Recent job actions by the ILWU have caused delays at the West Coast ports. In the past, disputes have been the root of backups at the ports and retailers are not taking chances. When possible, cargo has been diverted to the Gulf and East Coast ports. It may be months before a complete agreement is signed. Until then, retailers intend on keeping the cargo out of the West Coast gateways.

Automation on the docks has been a major point of contention but a resolution has been reached on the matter. The major hurdles left are the issues of wages and pensions. The ILWU is likely to demand an increase to at least match that of the ILWU local chapter in Hawaii at a 10% pay increase in the first year of the new contract. Additionally, the contract duration must be determined with the PMA pushing for a six-year contract and the ILWU pushing for a two-year contract. Whenever the agreement is reached, it will be retroactive to when the last contract expired, July 2022.

 

Ups and Downs

The monthly U.S. trade deficit in goods and services fell 9.1 percent in March as exports rose but imports fell.

Imports slid 0.3 percent from February to $320.4 billion. Imports of goods were down 0.5 percent to $260.9 billion, with decreases of $1.5 billion for cell phones and other household goods, $900 million for other petroleum products, and $600 million for semiconductors as well as increases of $1.3 billion for finished metal shapes, $800 million for drugs, and $600 million for other textile, apparel, and household goods. Services imports were up 0.2 percent to $59.5 billion.

Exports gained 2.1 percent in March to $256.2 billion. Exports of goods were up 3.1 percent to $174.3 billion, with increases of $2.5 billion for crude oil, $1.1 billion for fuel oil, and $600 million for natural gas liquids along with a decrease of $1.0 billion for non-monetary gold. Services exports were up 0.1 percent to a record $81.8 billion.

With exports up and imports down, the monthly U.S. trade deficit decreased from $70.6 billion in February to $64.2 billion in March. The deficit in goods trade was down 6.9 percent to $86.6 billion while the services trade surplus slipped 0.4 percent to $22.4 billion.

For the year to date, the total U.S. trade deficit is down 27.6 percent for the same period in 2022, with exports up 8.7 percent and imports down 1.6 percent.

 

Closed Deal

Ahead of the final rulemaking in per diem billing from the Federal Maritime Commission (FMC) coming to a close next month, many ocean carriers will not levy detention and demurrage fees when terminals are closed. This comes on the heels of an FMC ruling in which Evergreen Marine was to refund a trucking company upward of $500 after they were charged when a terminal was closed for a holiday in 2020.

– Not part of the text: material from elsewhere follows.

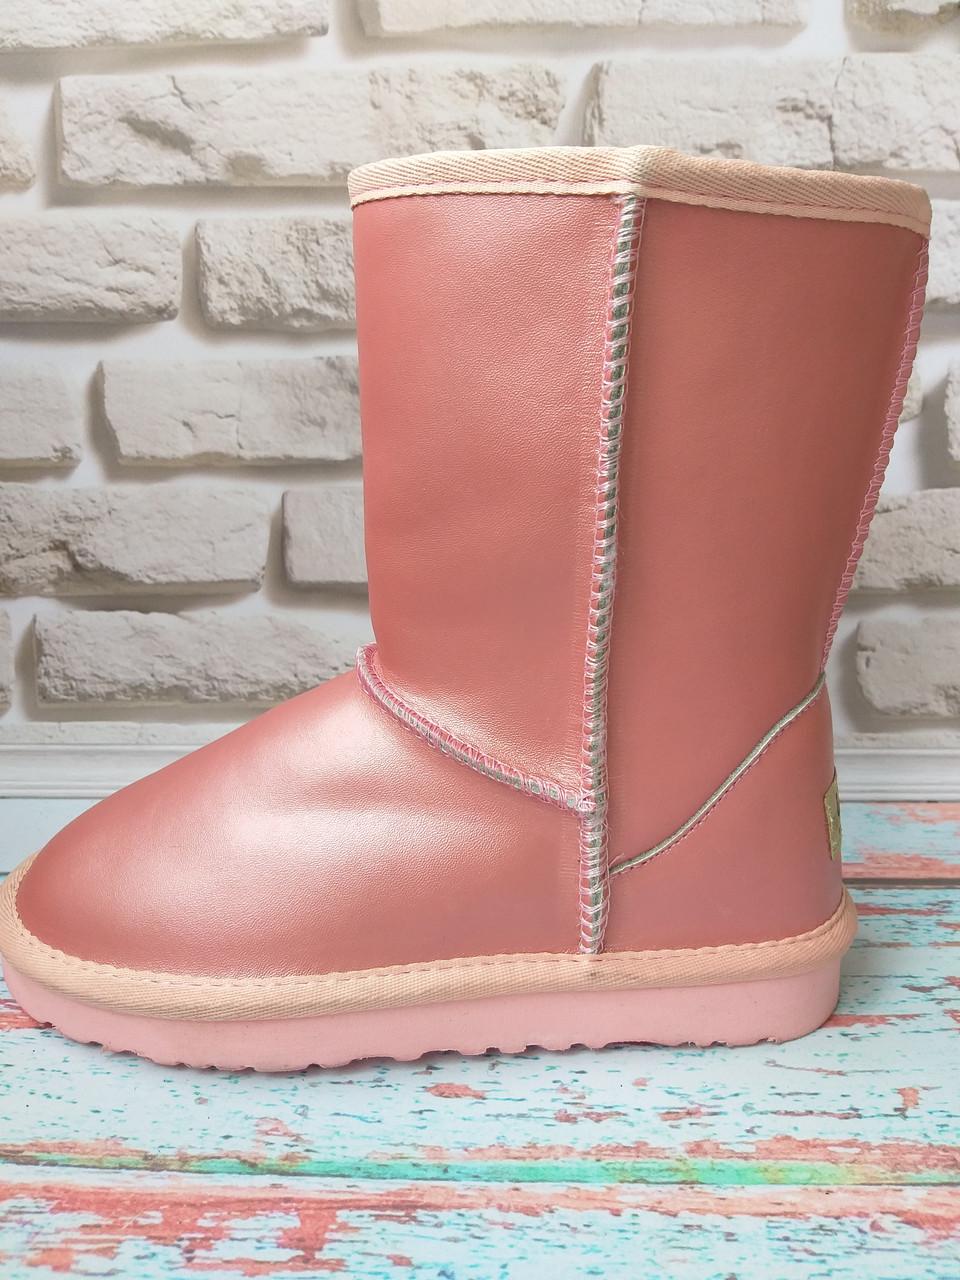 Классические кожаные розовые угги Ugg реплика

With MAERSK being the pioneer carrier followed by HMM, Hapag Lloyd, and Mediterranean Shipping Co., Ocean Network Express (ONE) is the latest carrier to join. The carrier put out a statement that effective June 1, if the terminal is “completely closed or inaccessible,” customers will not be charged detention and demurrage fees. Customers are instructed to contact ONE for other arrangements if it’s not possible to make an appointment during open-gate hours. This does not include export demurrage.

“ONE applies the new calculation logic to charges related to import demurrage, import detention, and export detention charged by ONE,” the carrier said. 

These announcements have generated pushback from marine terminal operators (MTOs) who claim carriers are jumping the gun. Such action would cause facilities to lose income. Some ports like the Port of Houston have increased their weekday charges to cover lost revenue from closed gate time. Other ports like the Port of New York and New Jersey are opening more gate hours so that they can continue charging over the weekend.